Your assignment: Every line below needs to be transcribed without alteration, and no image may be carried over.

Given information:
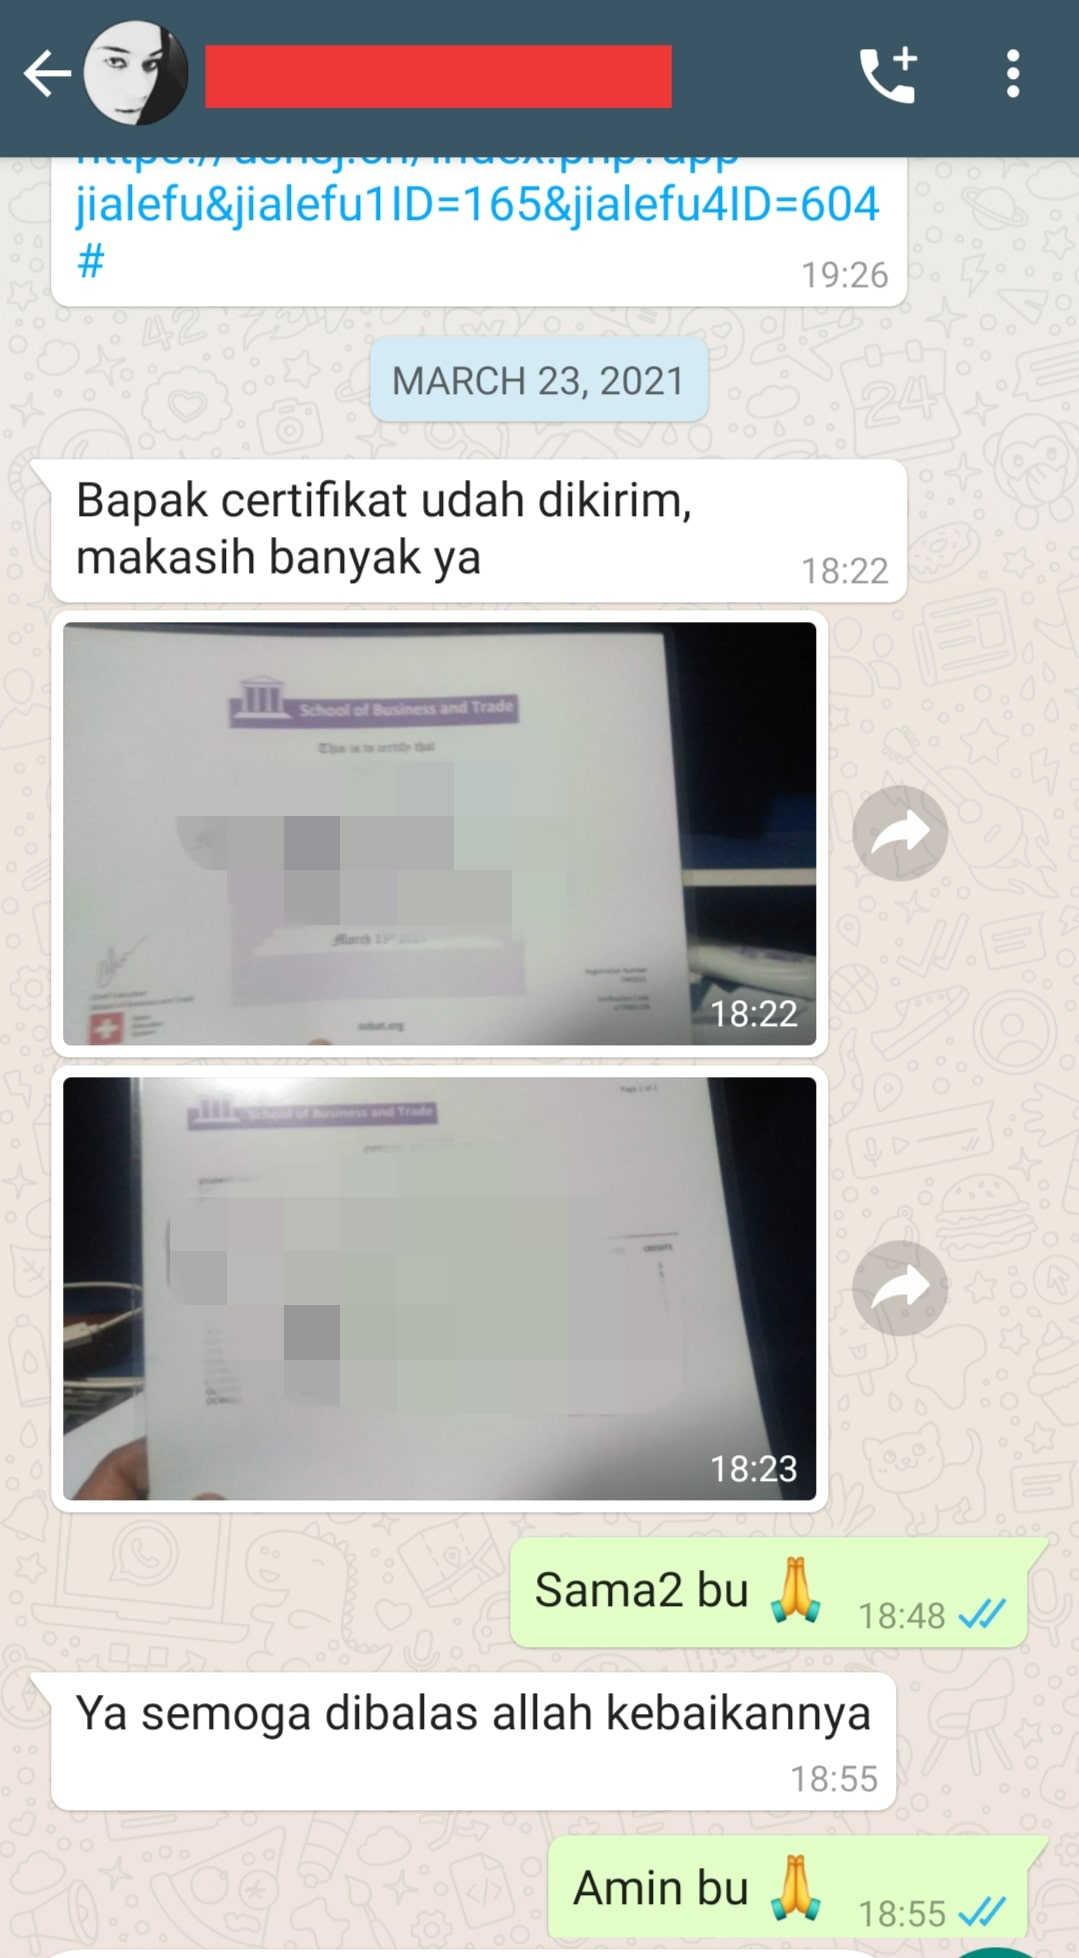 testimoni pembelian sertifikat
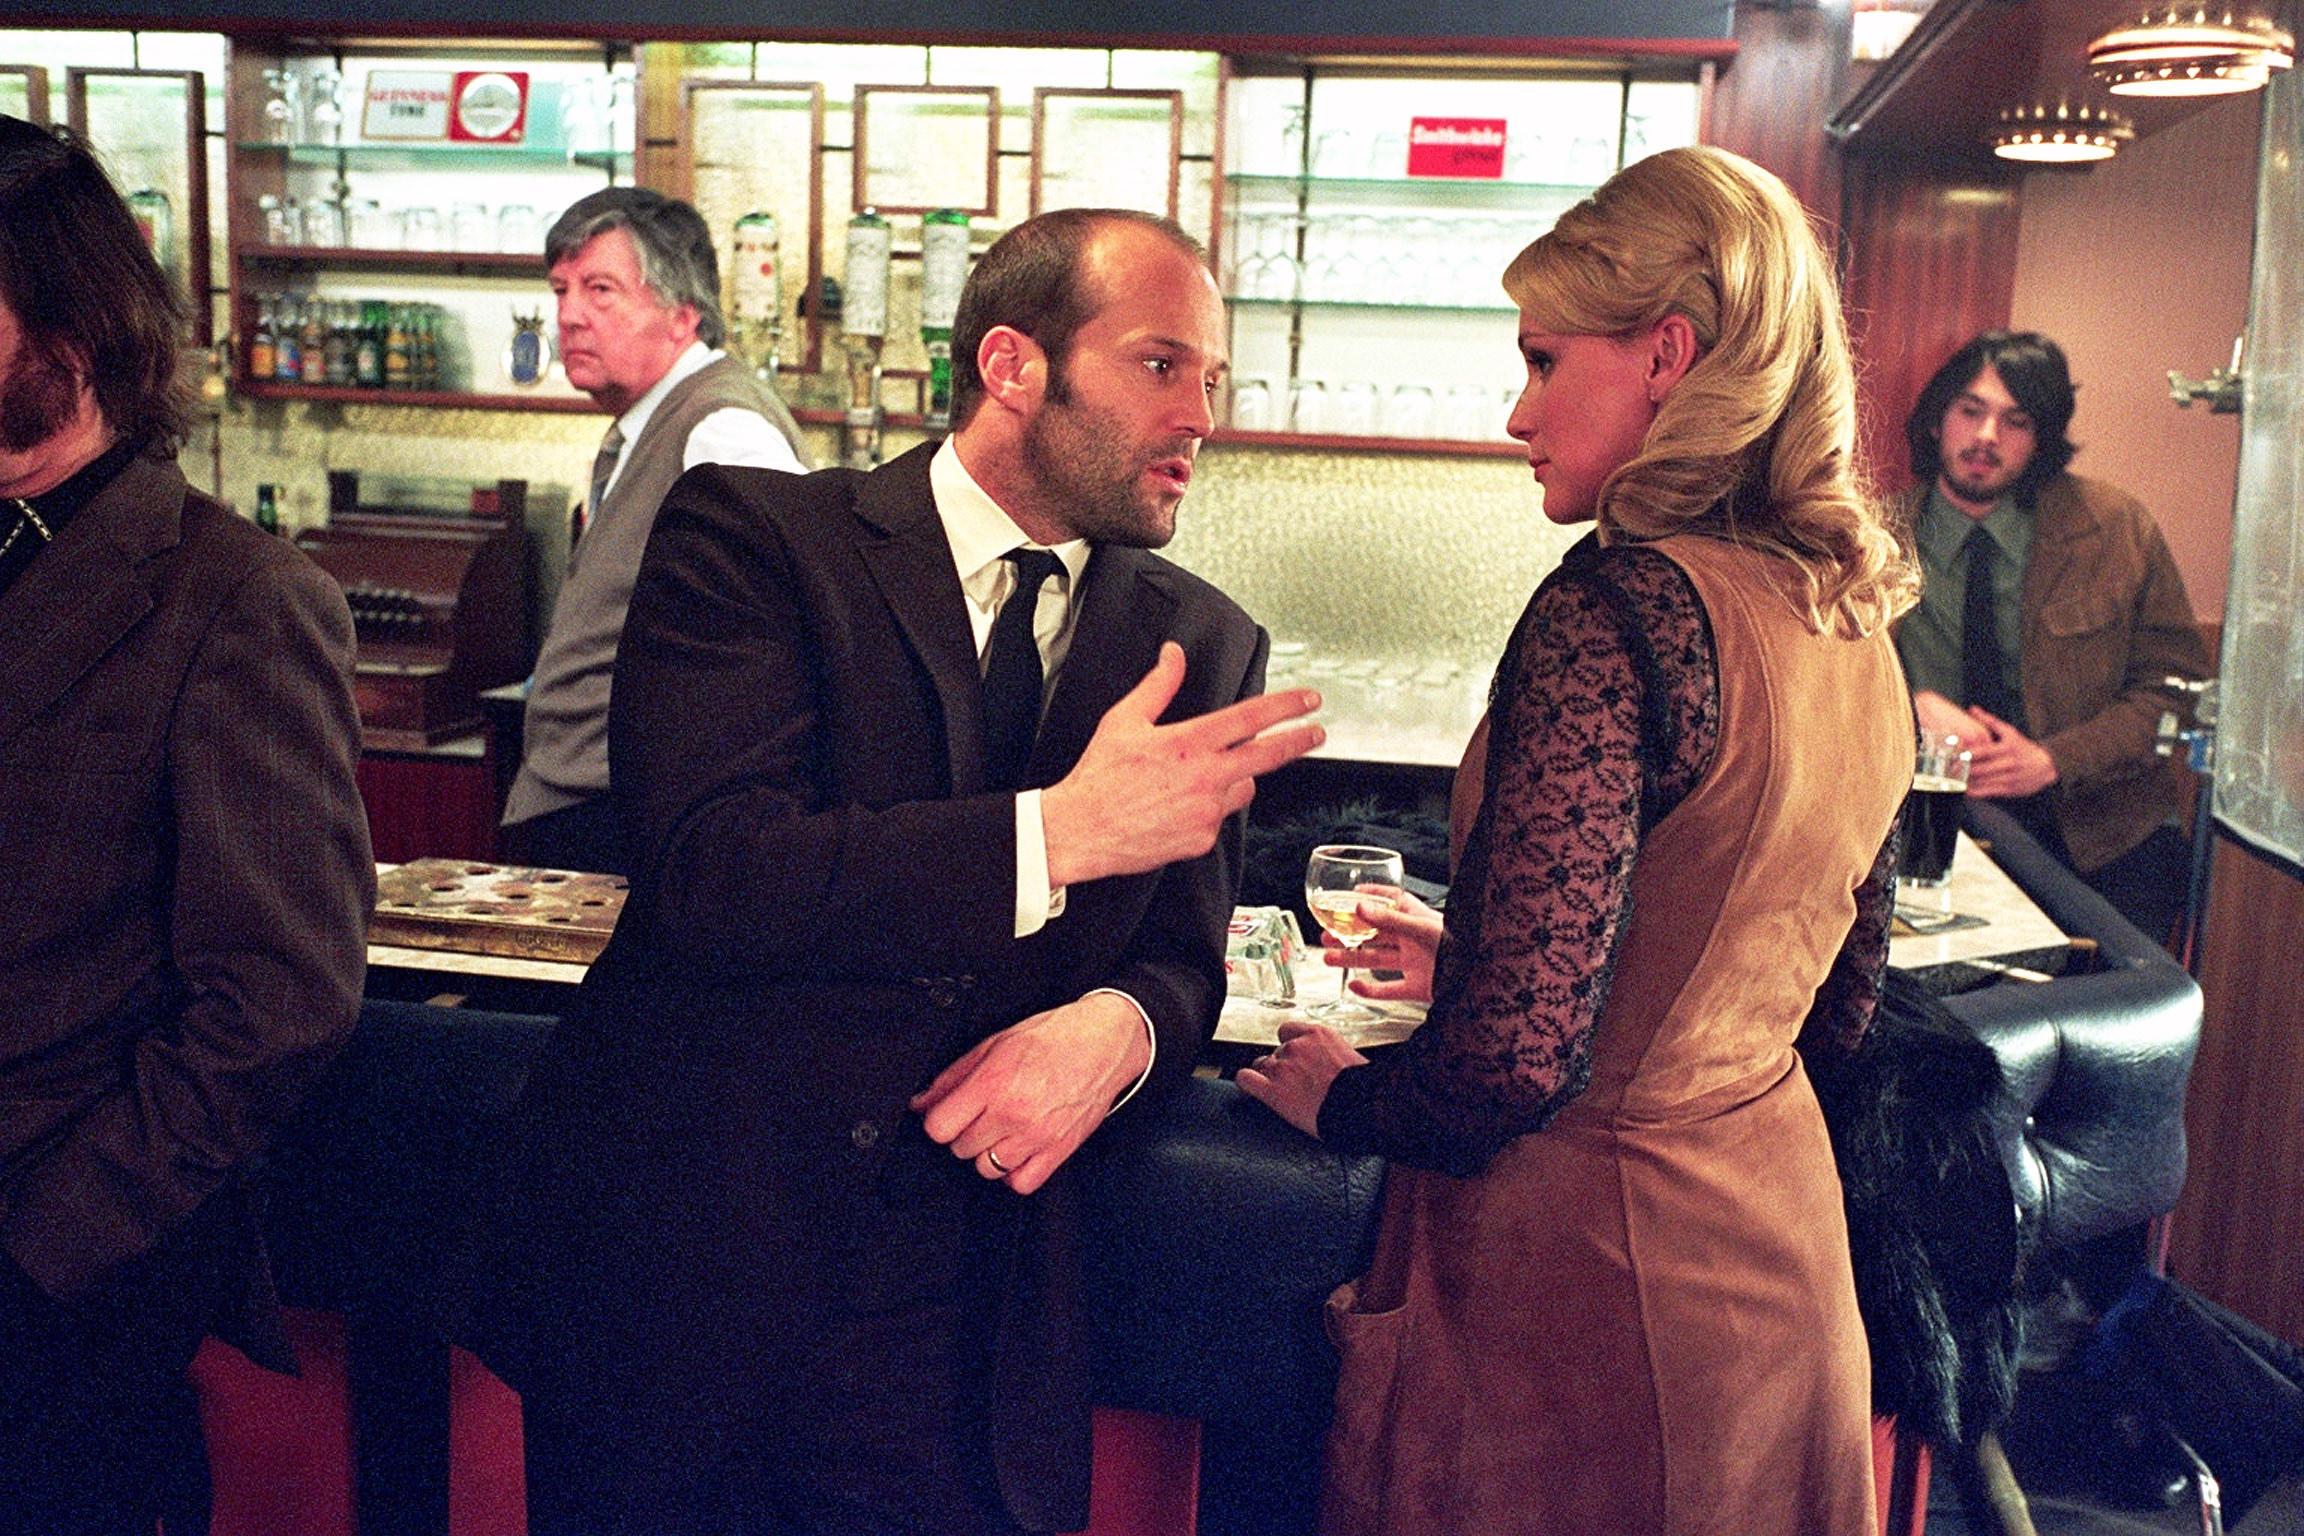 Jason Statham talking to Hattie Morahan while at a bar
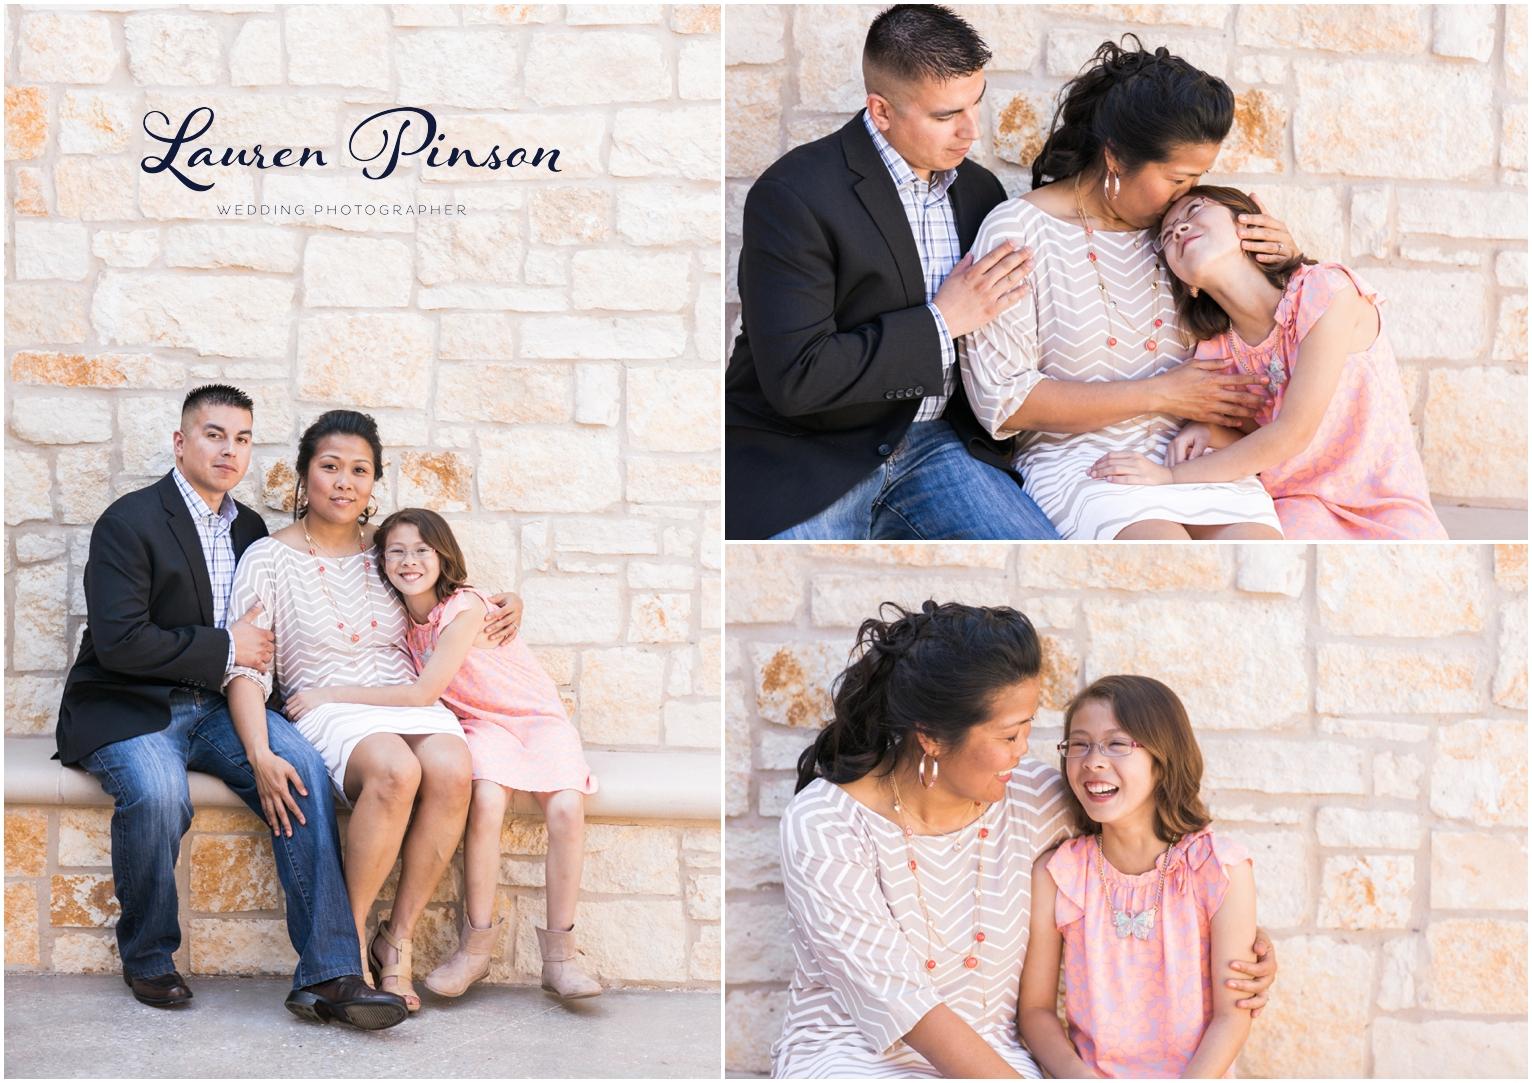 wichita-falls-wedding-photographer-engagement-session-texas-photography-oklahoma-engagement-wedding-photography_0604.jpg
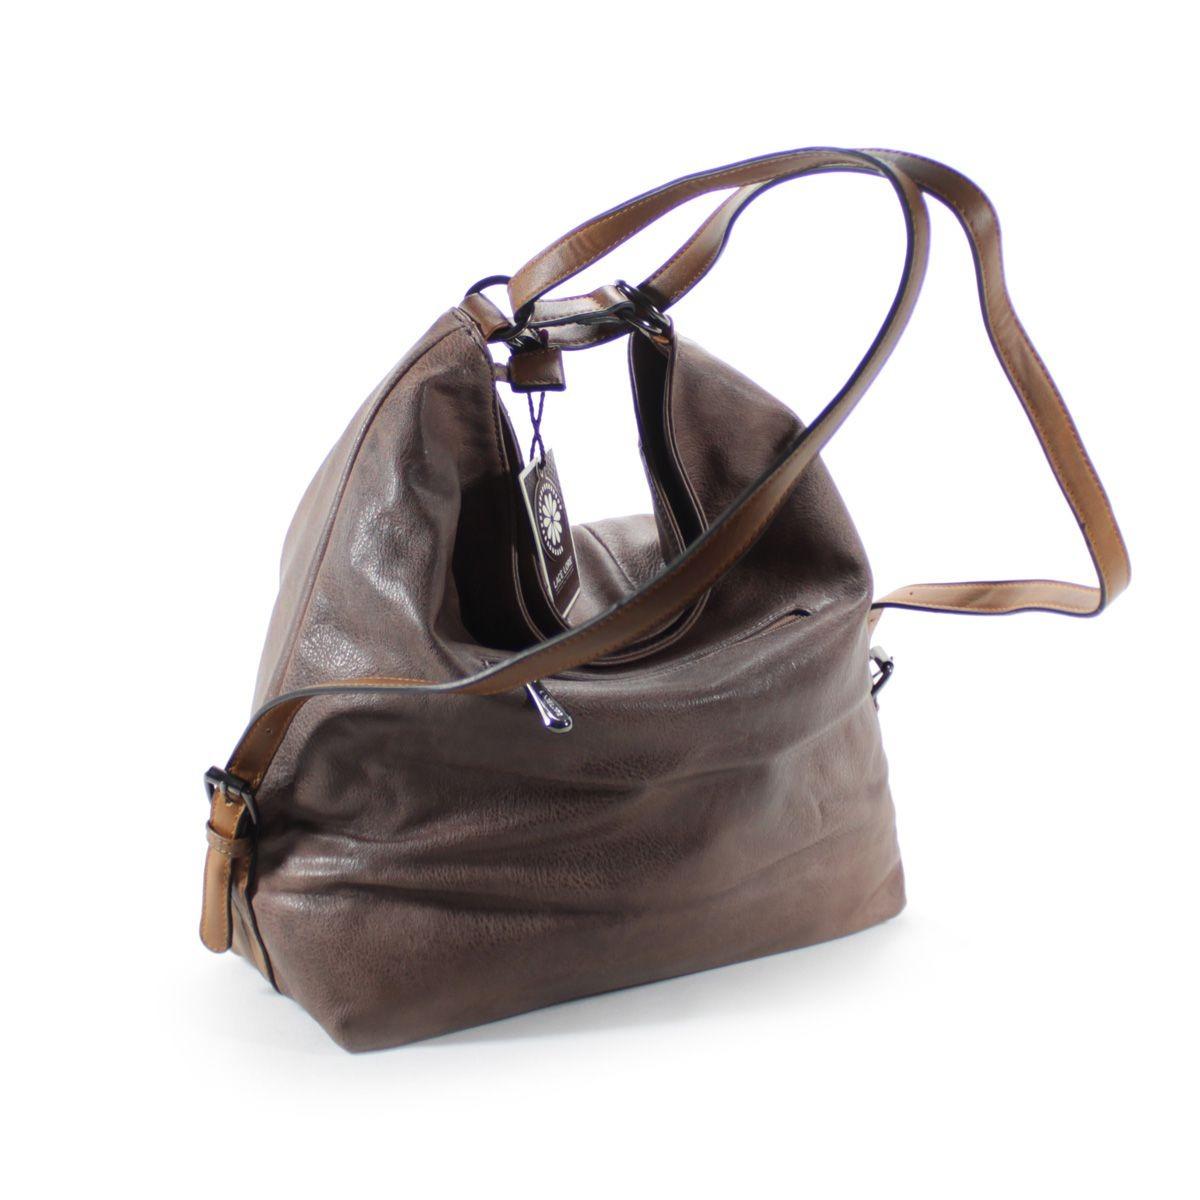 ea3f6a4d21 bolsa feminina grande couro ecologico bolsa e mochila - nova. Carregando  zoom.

Response to the task:
 testimoni pembelian sertifikat
 Jason Statham talking to Hattie Morahan while at a bar
 wichita-falls-wedding-photographer-engagement-session-texas-photography-oklahoma-engagement-wedding-photography_0604.jpg
 ea3f6a4d21 bolsa feminina grande couro ecologico bolsa e mochila - nova. Carregando  zoom.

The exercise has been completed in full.